The editors suggest a modest objective: covering "a broad chunk of largely unchartered ground" relevant to the 2011 Arab uprisings, and thus compile eleven lucid, informative chapters, especially those by Alfred Stepan, Omar Ashour, and Filiu.
Stepan addresses the clichéd references to Tunisia's exceptionalism, brilliantly discussing how years before the December 2010 uprising, its opposition groups reached a compromise formula of "twin tolerations." According to the working arrangement, Tunisia's secularists include their religious compatriots in the public space. In turn, the Islamists reciprocate by adhering to the principle of the civil state. Their agreement generated a consensual commitment to a future civic government without having to grapple with the divisive issue of secularism. Stepan's convincing analysis debunks Western approaches to democratization.
Ashour reviews the Egyptian Revolutionary Command Council's manipulation of the Muslim Brotherhood after the 1952 coup before Gamal Abdel Nasser turned against them in 1954. Nasser foreshadowed the Supreme Council of the Armed Forces' approach after the 2011 uprising when it did not obstruct Muhammad Morsi's election to the presidency. A year later, Morsi's appointee as commander-in-chief of the armed forces, Abdel Fattah Sisi, turned against him in a bloody coup. Ashour insightfully shows how the Egyptian military views itself as superior to the country's social strata and how it places the Brotherhood at the bottom of society.
Filiu uses the term "modern Mamluks" to refer to politically dominant Arab militaries that have mercilessly aborted the Arab uprisings. But unlike Mamluk slave soldiers, such as sultan Baybars (1223-77), who battled foreign enemies, the only victories that modern Mamluks achieved have been against their own peoples. Filiu notes that former Tunisian president Habib Bourguiba kept the army small and weak to avoid a military coup as in Egypt, Iraq, and Syria.

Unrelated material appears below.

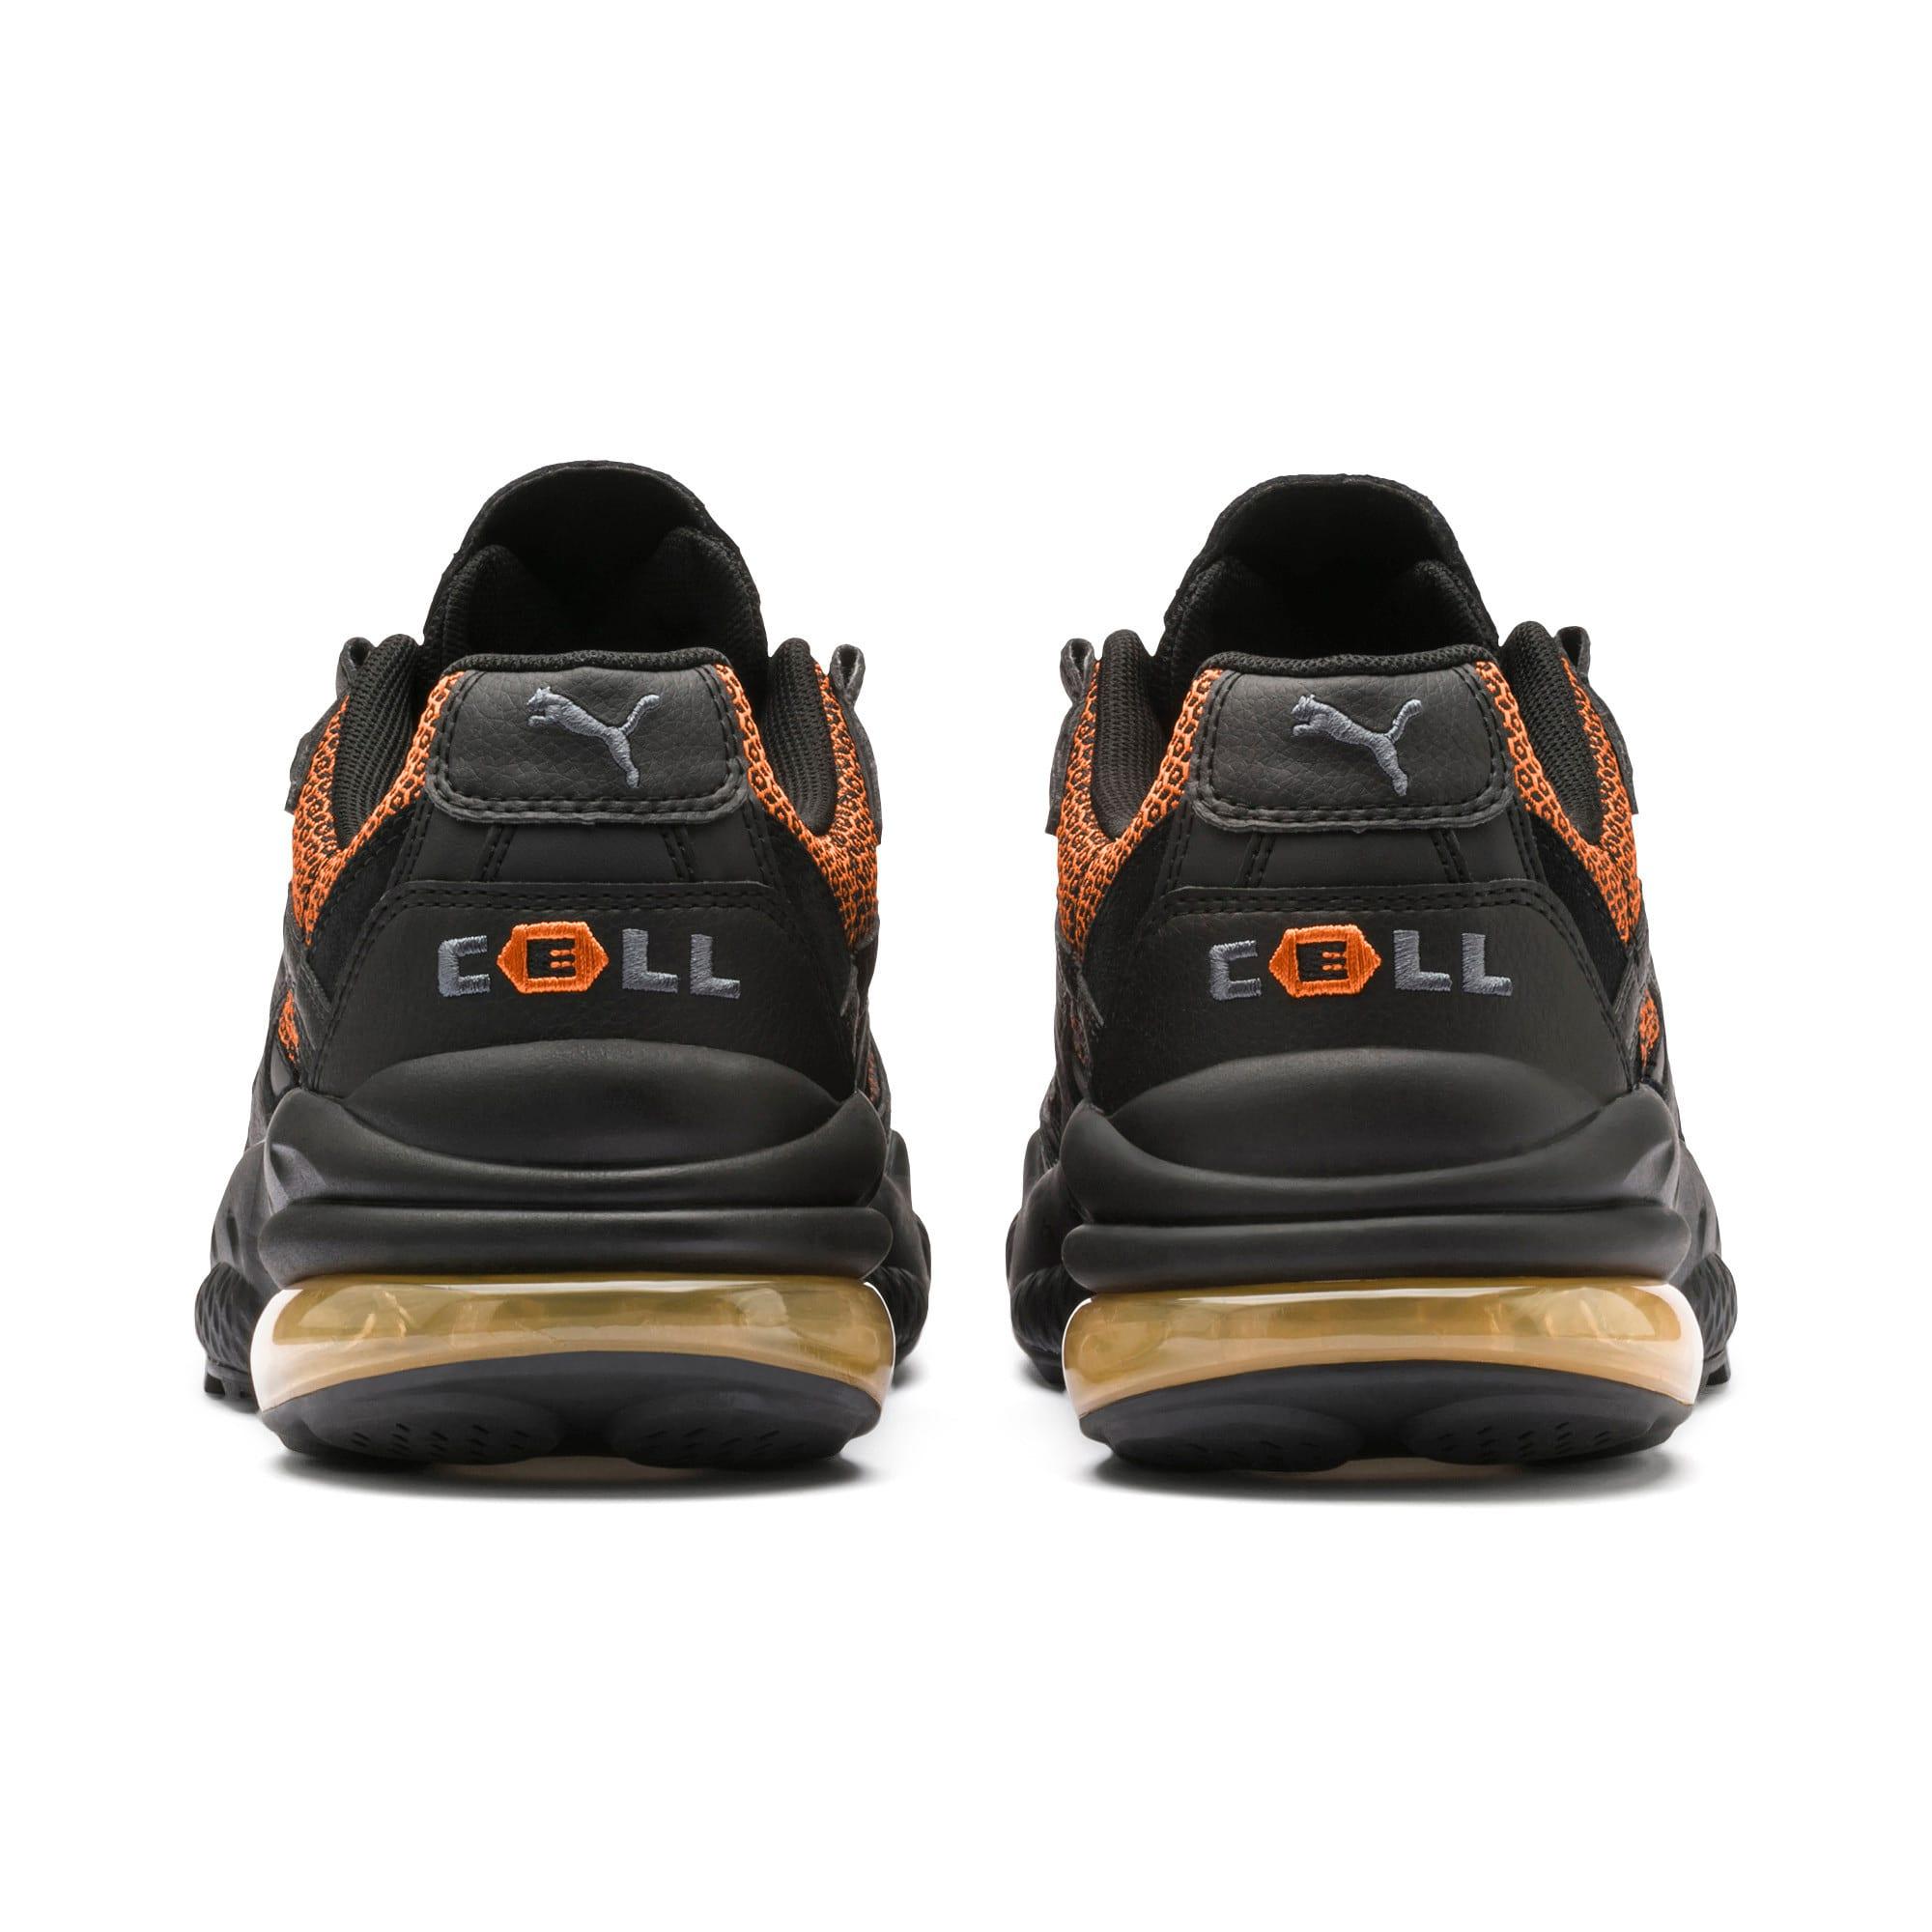 Thumbnail 4 of CELL Venom Lux Sneaker, Puma Black-Jaffa Orange, medium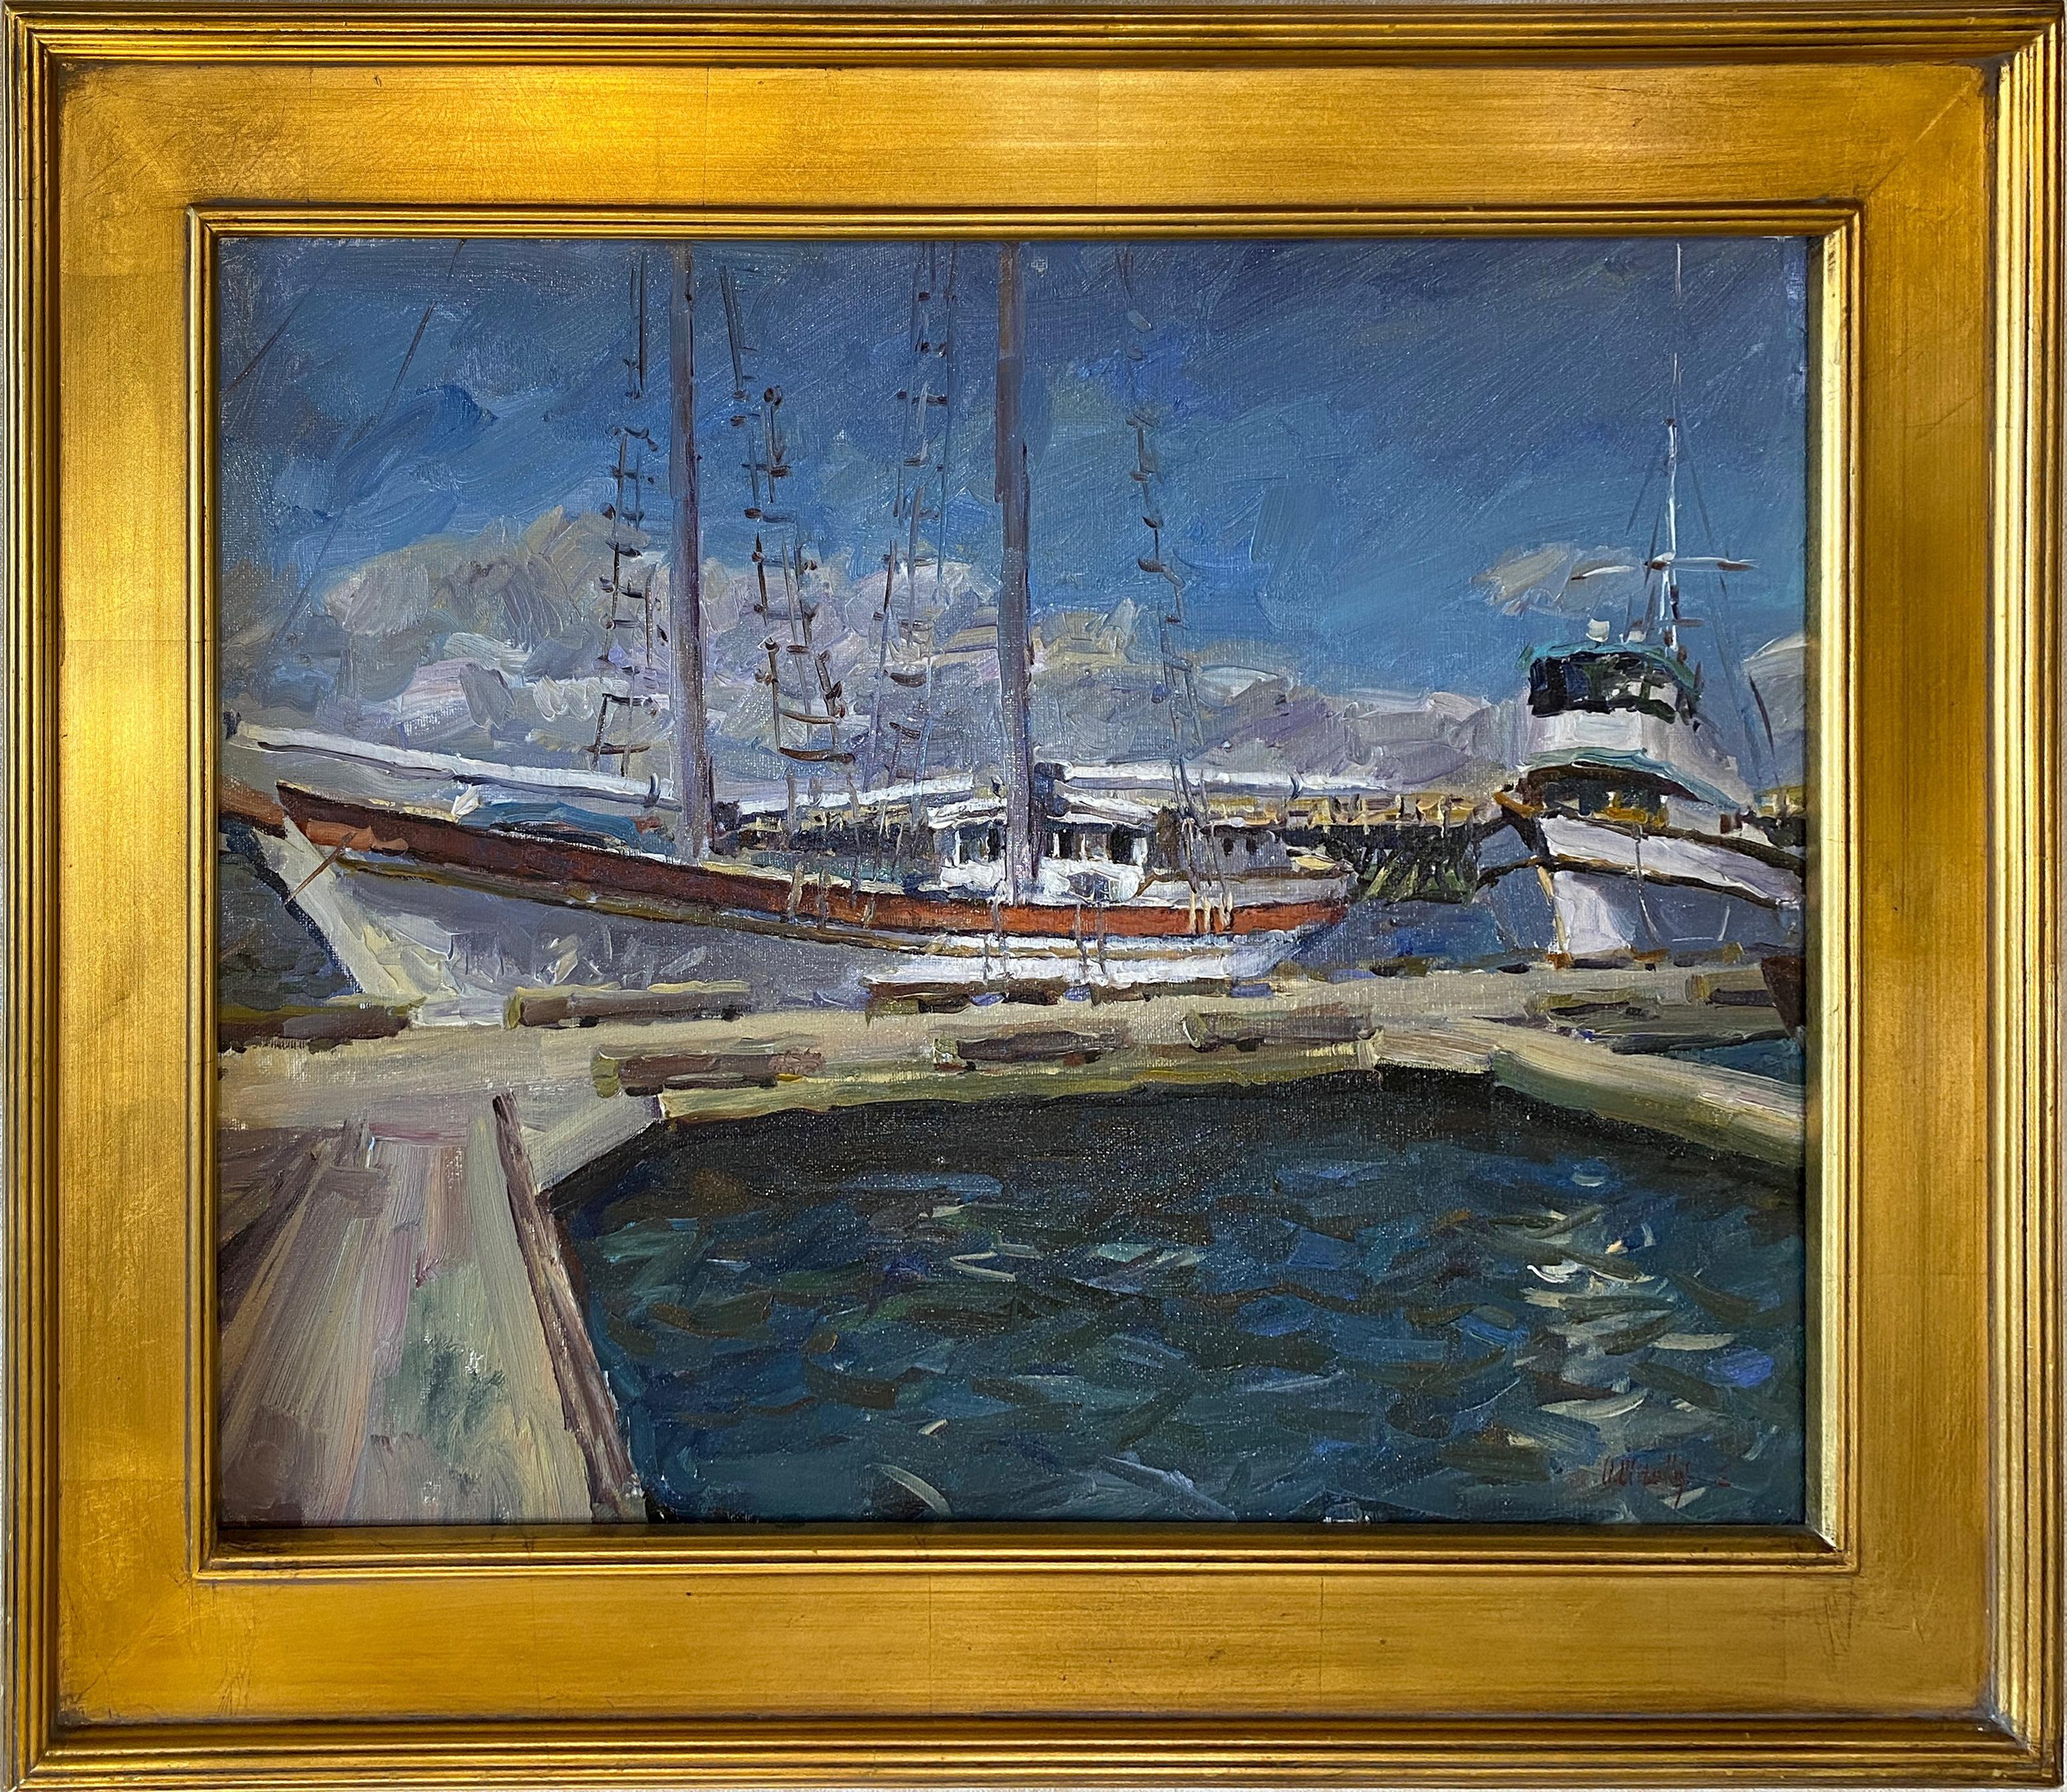 'Sunny Day' Oil on Canvas Painting by Ukranian artist Oleg Ulitskiy

Bourguiba aimed to marginalize the army but also instigated the disastrous 1961 Bizerte crisis that inflicted hundreds of Tunisian casualties when he ordered the blockade of the French naval base.
Unfortunately, these excellent chapters lose their impact in an edited book that lacks a theoretical framework. The book's structure is problematic. First, there are numerous publications on the Arab uprisings, and the claim of "unchartered ground" is simply untrue. Second, the editors plead with readers not to despair about the future because "[t]here are still many reasons to keep faith in the long-term evolution of the region,"
but a chapter moderating the pessimistic view of Arab polities would have been more useful. Third, even though chapters address Egypt, Tunisia, Libya, Yemen, and Syria, the book is heavily skewed towards the first two countries. Finally, this narrow coverage is aggravated by neglect of comparative theoretical perspectives.